Data section:
......

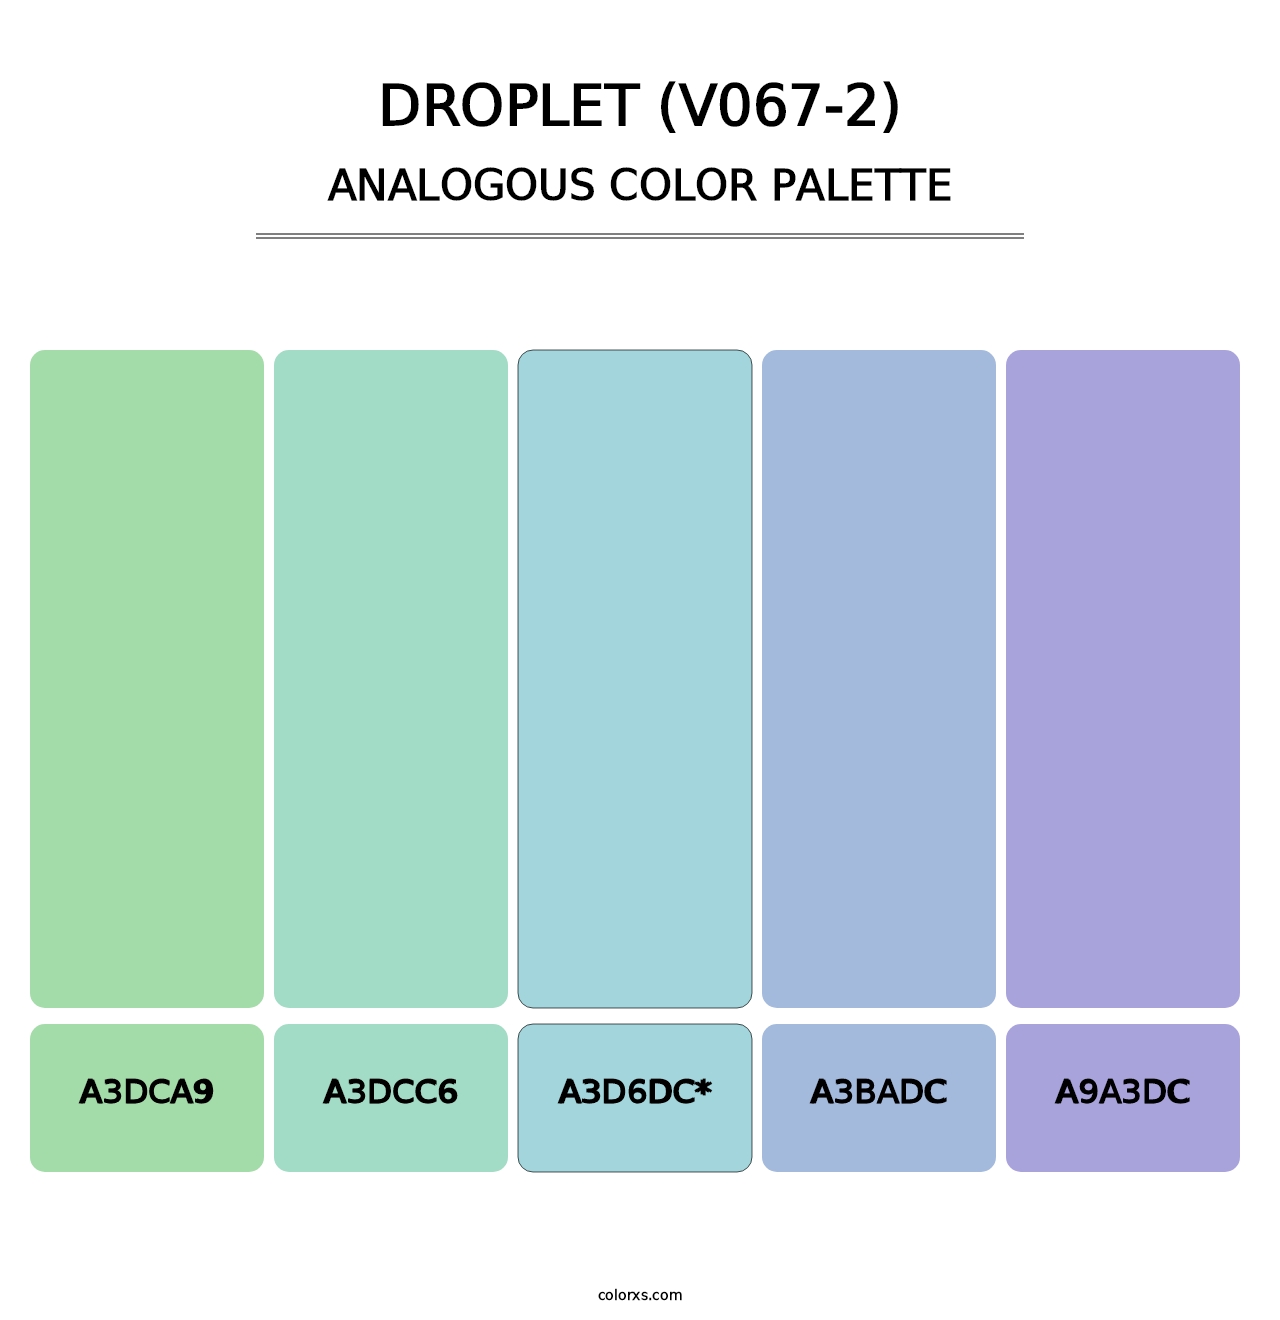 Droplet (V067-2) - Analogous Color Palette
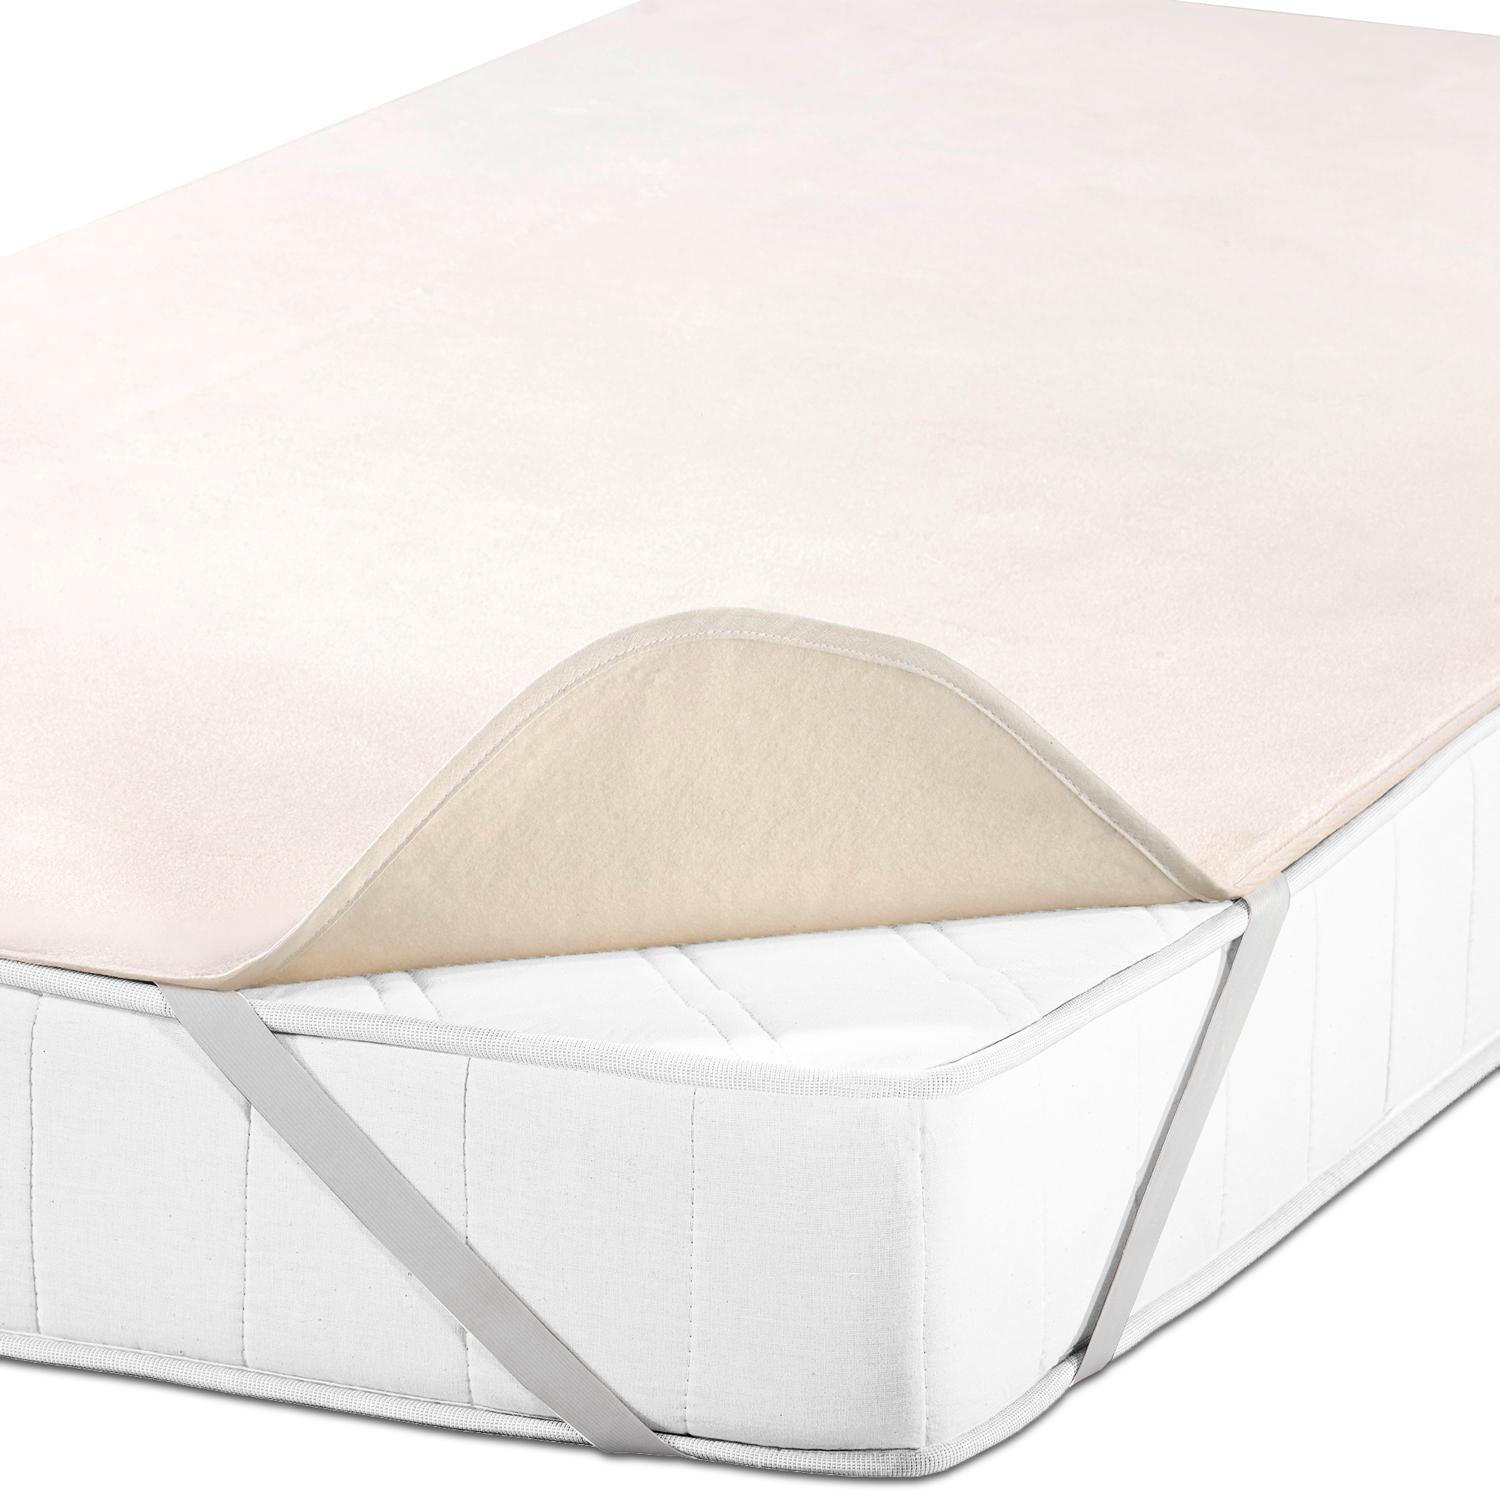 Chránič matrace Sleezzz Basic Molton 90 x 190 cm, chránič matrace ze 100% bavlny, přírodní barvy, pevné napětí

......

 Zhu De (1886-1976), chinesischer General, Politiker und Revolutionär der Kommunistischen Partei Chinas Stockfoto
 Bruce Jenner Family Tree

......

Exercise: Above are some records. Reproduce the lines from the one with "Droplet (V067-2) - Analogous Color Palette" down to the one with "Chránič matrace Sleezzz", keeping both, and leave every picture out.

Solution below:
 Droplet (V067-2) - Analogous Color Palette
 Chránič matrace Sleezzz Basic Molton 90 x 190 cm, chránič matrace ze 100% bavlny, přírodní barvy, pevné napětí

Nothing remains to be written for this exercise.